■ **WHAT YOU SHOULD DO**:
Only the lines from the start of the data through the one containing "Proteus電工電子技術仿真實例" belong in your answer; return them exactly.

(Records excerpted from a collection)
%%
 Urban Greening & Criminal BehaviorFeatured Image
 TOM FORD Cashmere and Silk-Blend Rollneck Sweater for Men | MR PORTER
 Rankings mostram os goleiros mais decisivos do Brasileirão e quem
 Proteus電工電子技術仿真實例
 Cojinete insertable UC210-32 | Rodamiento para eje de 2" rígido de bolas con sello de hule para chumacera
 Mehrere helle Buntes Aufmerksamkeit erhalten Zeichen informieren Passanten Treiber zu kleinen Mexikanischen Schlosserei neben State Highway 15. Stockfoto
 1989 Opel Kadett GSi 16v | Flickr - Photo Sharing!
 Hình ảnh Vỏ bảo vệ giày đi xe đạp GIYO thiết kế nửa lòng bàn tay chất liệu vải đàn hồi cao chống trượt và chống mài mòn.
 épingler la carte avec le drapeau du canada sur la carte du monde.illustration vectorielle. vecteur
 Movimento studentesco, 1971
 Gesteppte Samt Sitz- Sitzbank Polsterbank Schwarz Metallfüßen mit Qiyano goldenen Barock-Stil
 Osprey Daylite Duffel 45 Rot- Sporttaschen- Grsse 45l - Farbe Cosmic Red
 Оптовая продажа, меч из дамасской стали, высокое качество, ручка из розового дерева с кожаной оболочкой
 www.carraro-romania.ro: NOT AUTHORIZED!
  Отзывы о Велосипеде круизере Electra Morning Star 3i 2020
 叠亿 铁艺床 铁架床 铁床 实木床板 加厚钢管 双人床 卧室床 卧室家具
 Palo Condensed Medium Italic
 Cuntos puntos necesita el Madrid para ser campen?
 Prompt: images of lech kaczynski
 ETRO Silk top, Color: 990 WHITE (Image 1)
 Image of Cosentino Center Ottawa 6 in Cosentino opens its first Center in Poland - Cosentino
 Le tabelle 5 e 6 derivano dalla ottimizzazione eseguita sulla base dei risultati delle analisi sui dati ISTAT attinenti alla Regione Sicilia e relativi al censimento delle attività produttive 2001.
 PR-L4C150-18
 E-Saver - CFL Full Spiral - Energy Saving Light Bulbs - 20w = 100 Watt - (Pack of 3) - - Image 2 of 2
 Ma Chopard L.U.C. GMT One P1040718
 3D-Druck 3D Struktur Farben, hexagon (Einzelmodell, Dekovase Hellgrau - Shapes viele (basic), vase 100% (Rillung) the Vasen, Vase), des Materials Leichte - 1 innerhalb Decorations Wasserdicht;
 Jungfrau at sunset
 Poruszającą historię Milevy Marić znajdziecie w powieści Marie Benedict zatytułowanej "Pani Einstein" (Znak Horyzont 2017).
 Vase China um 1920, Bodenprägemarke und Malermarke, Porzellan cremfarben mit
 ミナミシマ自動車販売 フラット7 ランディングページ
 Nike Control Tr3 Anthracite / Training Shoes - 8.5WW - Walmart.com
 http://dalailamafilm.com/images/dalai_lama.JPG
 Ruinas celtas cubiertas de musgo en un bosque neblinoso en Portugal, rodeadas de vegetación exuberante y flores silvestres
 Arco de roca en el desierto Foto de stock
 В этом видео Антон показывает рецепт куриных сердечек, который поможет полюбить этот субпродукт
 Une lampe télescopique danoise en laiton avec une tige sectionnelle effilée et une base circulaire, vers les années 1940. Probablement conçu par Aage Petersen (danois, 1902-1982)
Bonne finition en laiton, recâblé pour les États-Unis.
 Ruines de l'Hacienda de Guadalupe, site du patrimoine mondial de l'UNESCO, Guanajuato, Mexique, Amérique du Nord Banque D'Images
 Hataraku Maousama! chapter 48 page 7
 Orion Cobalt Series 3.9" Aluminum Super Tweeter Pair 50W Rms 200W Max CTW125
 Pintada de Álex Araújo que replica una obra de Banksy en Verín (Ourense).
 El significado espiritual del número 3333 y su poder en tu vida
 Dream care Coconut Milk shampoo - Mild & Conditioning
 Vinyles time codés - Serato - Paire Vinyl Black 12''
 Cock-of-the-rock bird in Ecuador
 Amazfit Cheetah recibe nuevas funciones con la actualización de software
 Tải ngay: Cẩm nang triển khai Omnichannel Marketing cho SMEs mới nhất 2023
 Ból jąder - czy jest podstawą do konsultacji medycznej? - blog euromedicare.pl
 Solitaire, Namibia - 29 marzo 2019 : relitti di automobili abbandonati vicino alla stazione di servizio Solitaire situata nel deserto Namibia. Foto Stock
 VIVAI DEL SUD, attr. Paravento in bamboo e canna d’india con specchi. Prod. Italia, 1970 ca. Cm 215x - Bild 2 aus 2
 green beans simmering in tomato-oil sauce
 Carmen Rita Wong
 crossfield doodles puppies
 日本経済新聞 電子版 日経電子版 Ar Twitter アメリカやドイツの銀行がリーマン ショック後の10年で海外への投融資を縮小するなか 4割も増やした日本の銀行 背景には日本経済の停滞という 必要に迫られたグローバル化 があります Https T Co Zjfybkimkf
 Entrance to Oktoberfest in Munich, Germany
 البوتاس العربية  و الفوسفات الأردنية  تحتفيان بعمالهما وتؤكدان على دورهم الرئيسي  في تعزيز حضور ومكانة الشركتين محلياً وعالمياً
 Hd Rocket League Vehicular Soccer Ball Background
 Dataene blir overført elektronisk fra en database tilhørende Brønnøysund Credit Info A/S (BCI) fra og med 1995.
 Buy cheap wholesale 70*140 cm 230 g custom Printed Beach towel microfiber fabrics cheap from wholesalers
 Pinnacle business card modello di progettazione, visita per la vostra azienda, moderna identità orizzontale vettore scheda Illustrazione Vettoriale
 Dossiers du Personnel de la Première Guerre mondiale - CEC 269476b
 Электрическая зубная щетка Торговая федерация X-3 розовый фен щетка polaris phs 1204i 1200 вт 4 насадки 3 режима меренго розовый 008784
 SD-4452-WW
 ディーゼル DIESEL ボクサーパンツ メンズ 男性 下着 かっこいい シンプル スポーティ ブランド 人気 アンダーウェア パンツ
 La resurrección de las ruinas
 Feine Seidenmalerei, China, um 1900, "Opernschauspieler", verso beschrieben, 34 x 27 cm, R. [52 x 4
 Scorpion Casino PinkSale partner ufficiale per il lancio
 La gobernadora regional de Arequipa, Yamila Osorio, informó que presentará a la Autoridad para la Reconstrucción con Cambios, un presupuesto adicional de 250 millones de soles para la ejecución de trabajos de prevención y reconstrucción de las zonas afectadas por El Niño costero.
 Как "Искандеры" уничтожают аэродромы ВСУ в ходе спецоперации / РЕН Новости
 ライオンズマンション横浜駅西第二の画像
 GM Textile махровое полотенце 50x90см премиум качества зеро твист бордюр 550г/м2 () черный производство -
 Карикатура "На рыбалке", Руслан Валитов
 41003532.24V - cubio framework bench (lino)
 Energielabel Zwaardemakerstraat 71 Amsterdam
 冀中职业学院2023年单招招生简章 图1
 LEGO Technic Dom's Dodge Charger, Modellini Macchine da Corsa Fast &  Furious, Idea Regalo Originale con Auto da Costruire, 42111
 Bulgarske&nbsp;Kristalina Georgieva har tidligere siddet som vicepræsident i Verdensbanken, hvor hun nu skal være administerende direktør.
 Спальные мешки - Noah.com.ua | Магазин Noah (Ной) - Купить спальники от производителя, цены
%%
■ **WRITTEN ANSWER**:
 Urban Greening & Criminal BehaviorFeatured Image
 TOM FORD Cashmere and Silk-Blend Rollneck Sweater for Men | MR PORTER
 Rankings mostram os goleiros mais decisivos do Brasileirão e quem
 Proteus電工電子技術仿真實例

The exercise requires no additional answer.